[Your goal]:
Any picture in the data below should be skipped, while every line is repeated exactly.

*** The data ***

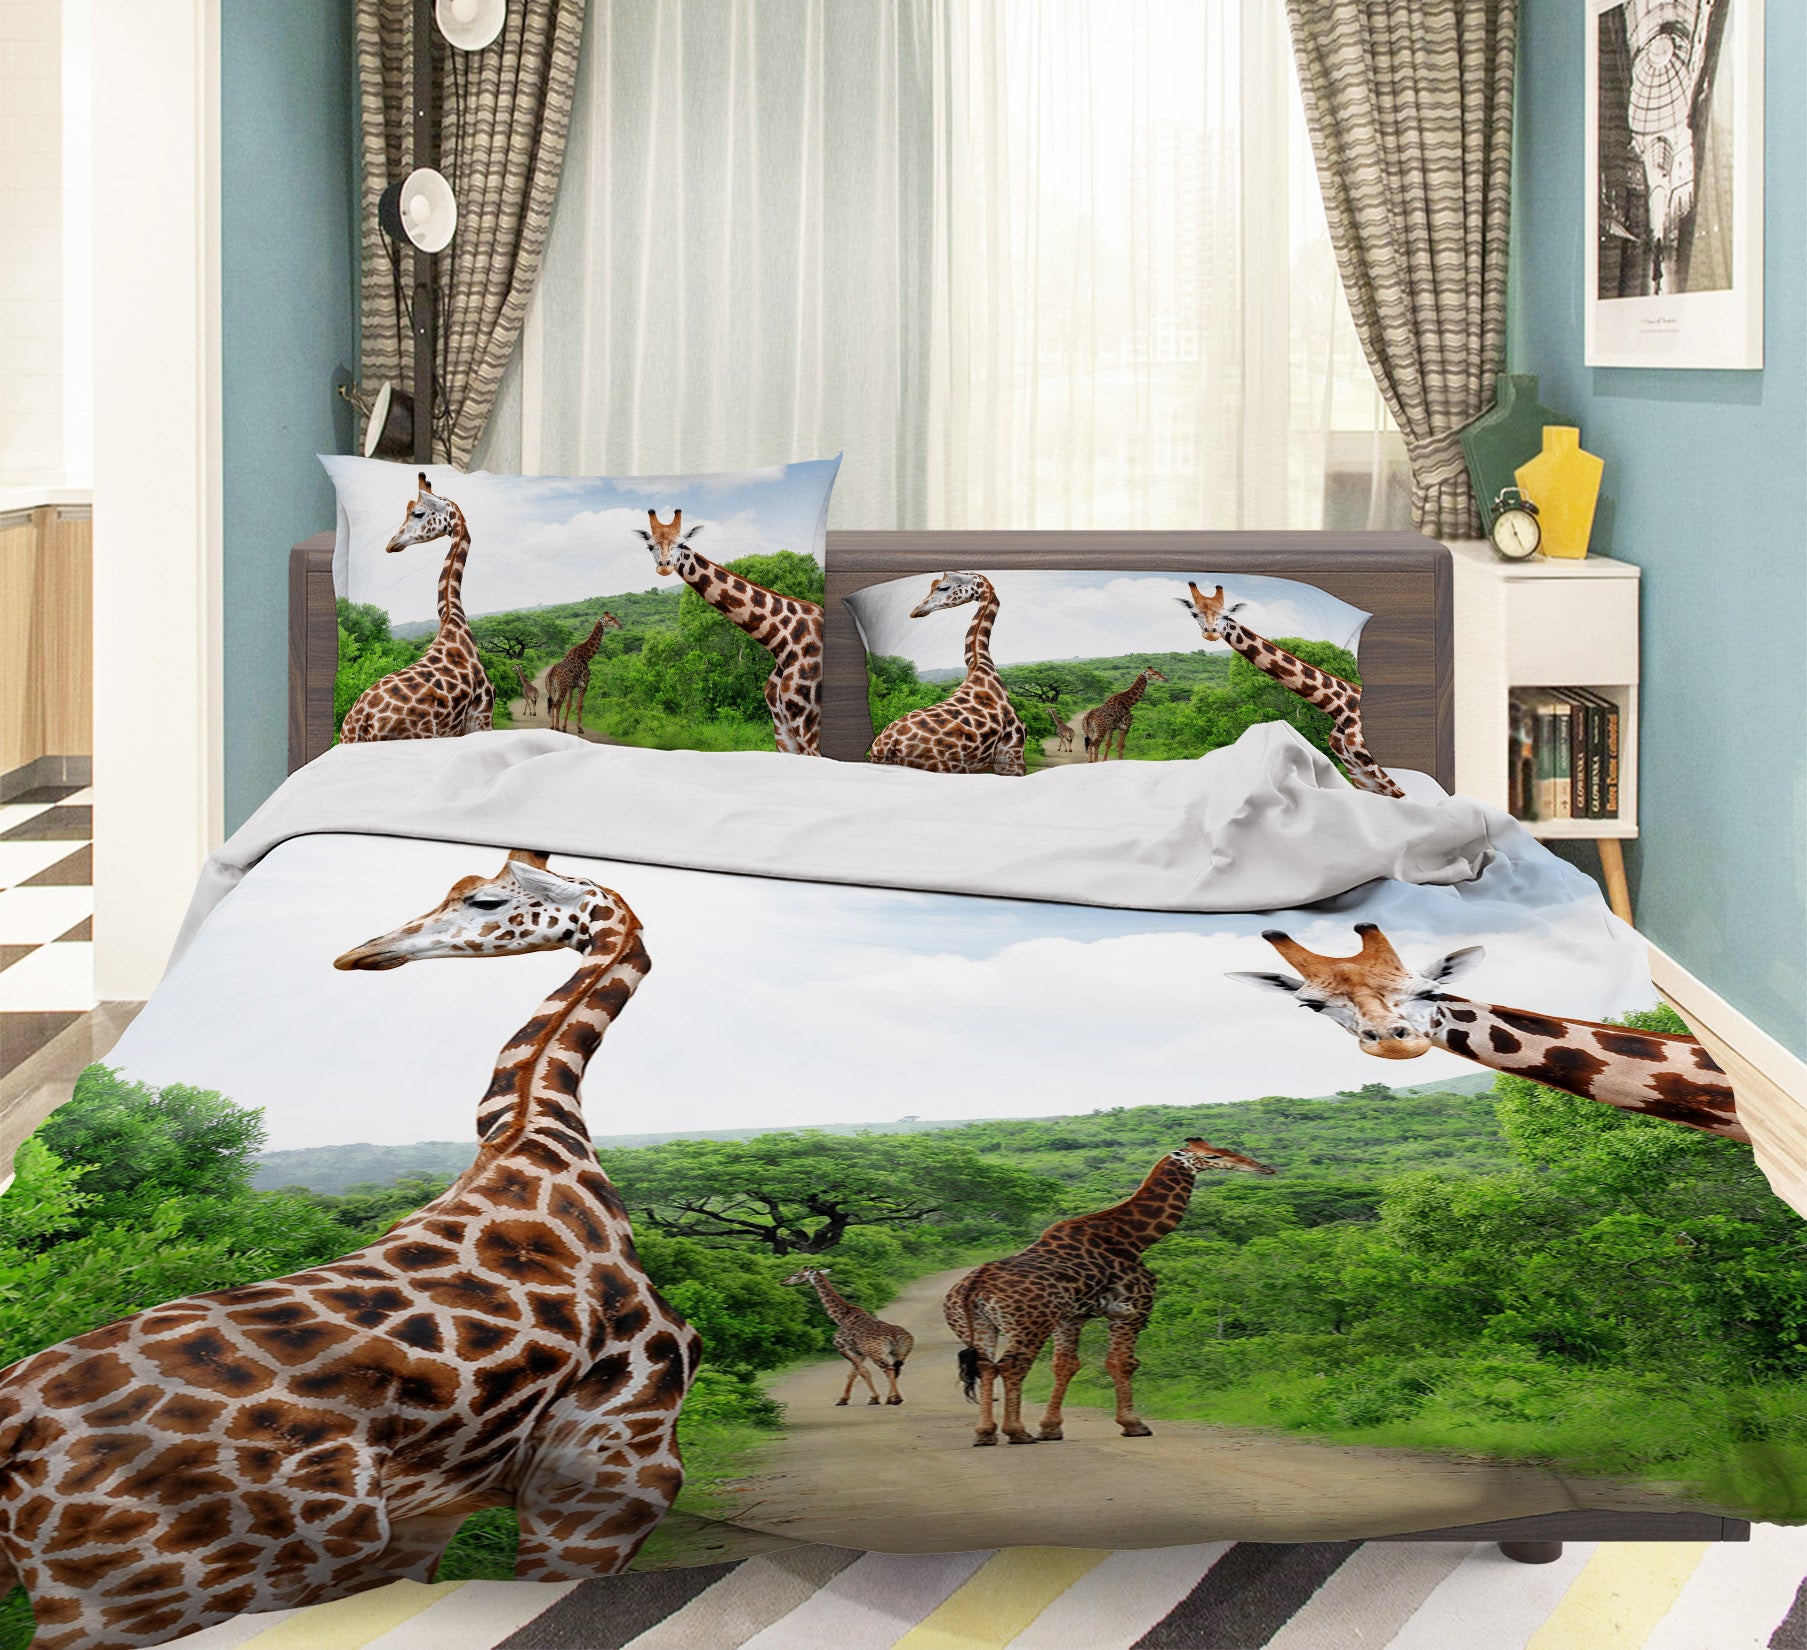 3D Giraffe Forest 004 Bed Pillowcases Quilt
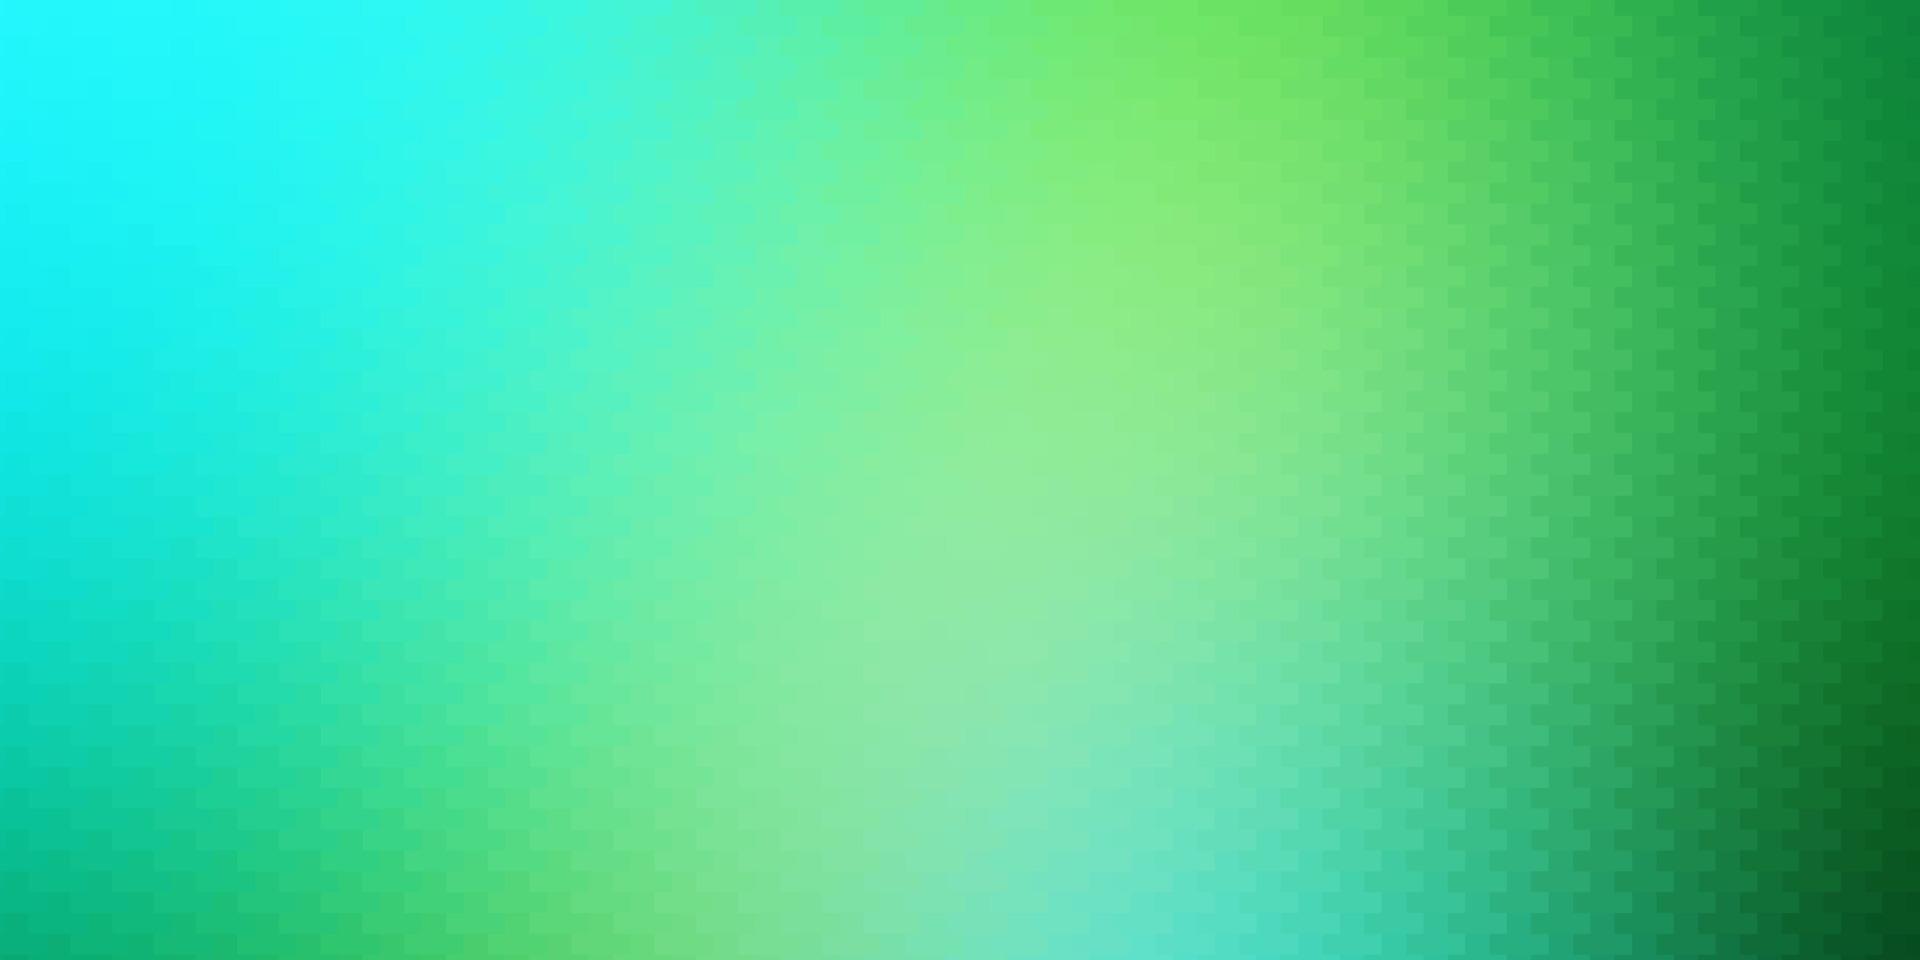 Fondo de vector azul claro, verde en estilo poligonal.
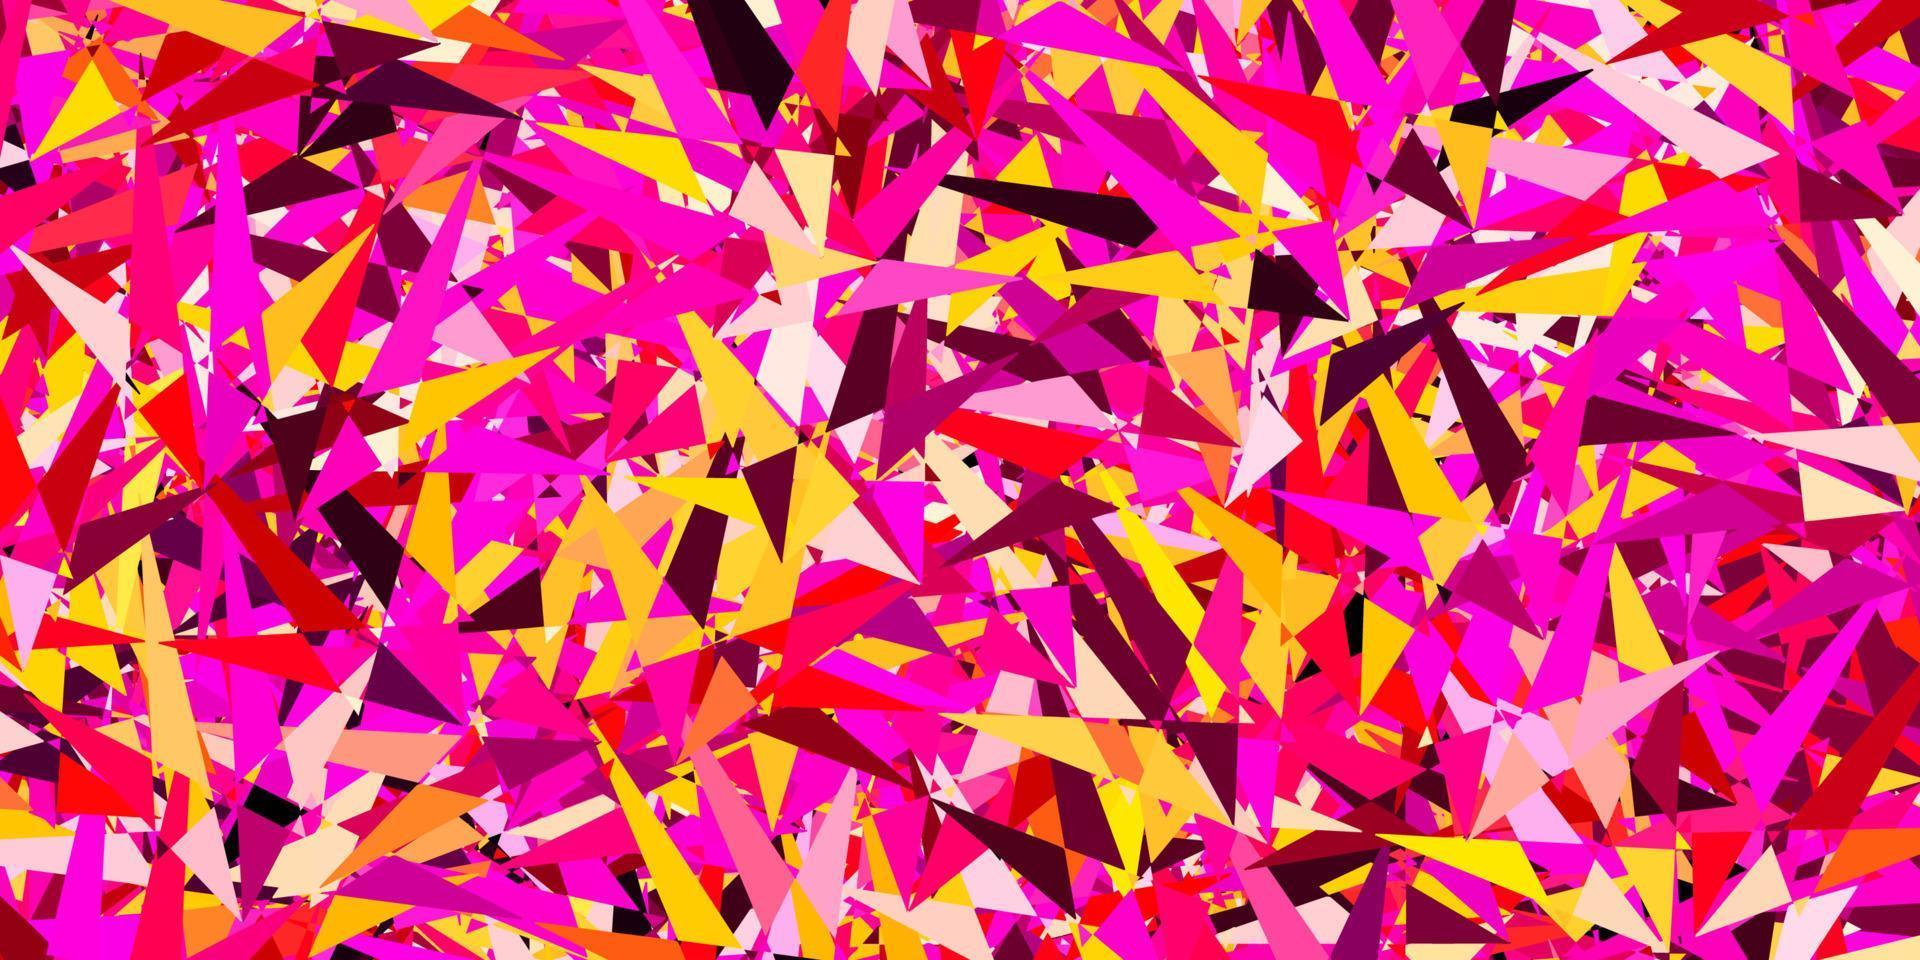 Plantilla de vector de color rosa oscuro, amarillo con cristales, triángulos.

***

[Problem solution]:
 3D Giraffe Forest 004 Bed Pillowcases Quilt
 Fondo de vector azul claro, verde en estilo poligonal.
 Plantilla de vector de color rosa oscuro, amarillo con cristales, triángulos.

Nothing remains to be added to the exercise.